In some embodiments, The ADDA system 105 may discover one or more databases used by the application 102. For each database discovered by the ADDA system, the ADDA system may identify a compatible database technology by applying machine learning to runtime network traffic data. The identified compatible database technology may then be included as part of the application architecture 170. Such machine learning may be based on a machine learning model that is constructed by using historical runtime network traffic data of known applications as training input and identities of databases used by those applications as expected output.
The ADDA system selects (at block 505) an application and a host machine. The system identifies (at block 510) spawned processes and sub-processes of the application running on the host machine. The system captures (at block 520) network traffic and records packet header information at the host machine. The system stores (at block 530) packet information, e.g., machine name, IP address, Port, packet header, first 16 or 32 or 64 bytes, packet length, packet sequence. In some embodiments, the information is stored in a time series store.

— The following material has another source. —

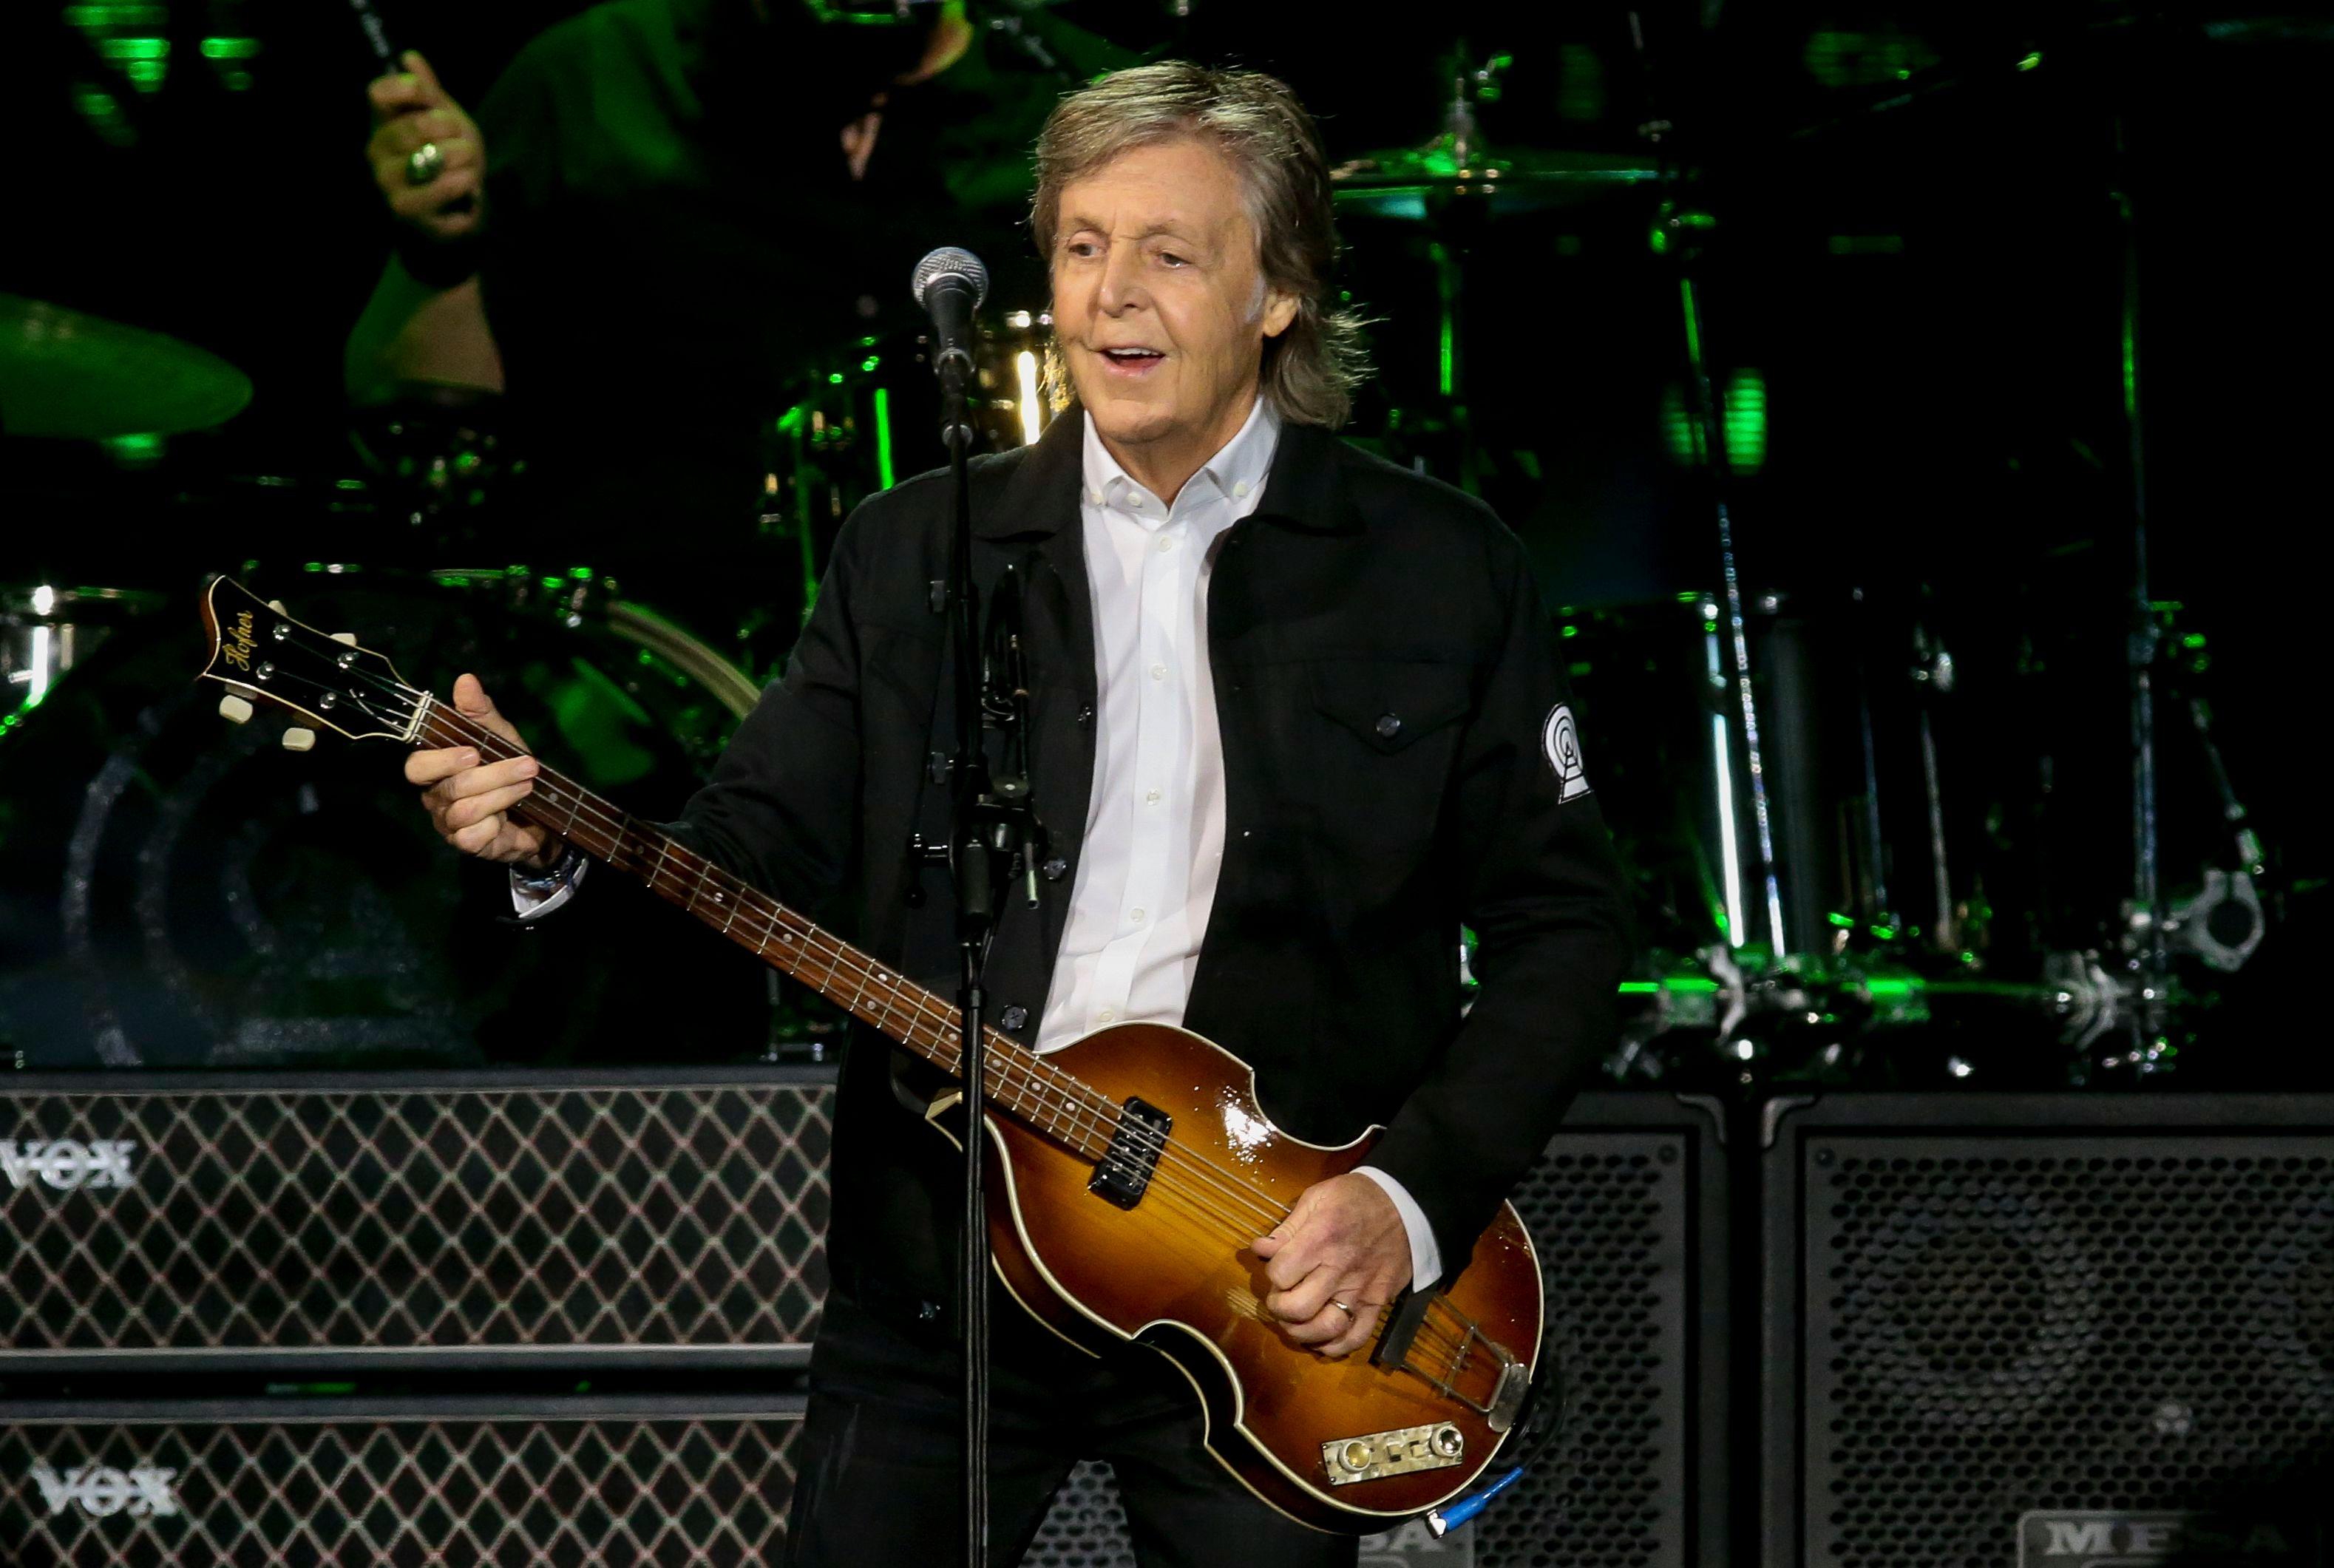 Paul McCartney Writing Musical Version of 'It's a Wonderful Life'

The system identifies (at block 540) call patterns with known processes and generates test data by e.g., running an example business use case. The system labels (at block 550) middleware on each known packet. The system trains (at block 560) a machine learning model with multi-class classification option. The system saves (at block 570) the trained model and packets (header and information) with a visualization tool for deployment. The system then runs the visualization tool at a server to analyze the application. The system identifies (at block 580) a component as “middleware” or “database” based on the analysis of the tool. The system maps (at block 590) the identified component for display.
The ADDA system intercepts (at block 610) runtime data generated by resources of a first platform when an application is executing in the first platform. The intercepted runtime data may include records of network traffic, process events, file events, and/or records of other application events occurring in the first platform. The intercepted runtime data may include communications between processes executing in resources of the first platform. In some embodiments, the ADDA system may also use an affinity dataset from previous discoveries of the application performed by third party tools instead of, or in conjunction with, the runtime data.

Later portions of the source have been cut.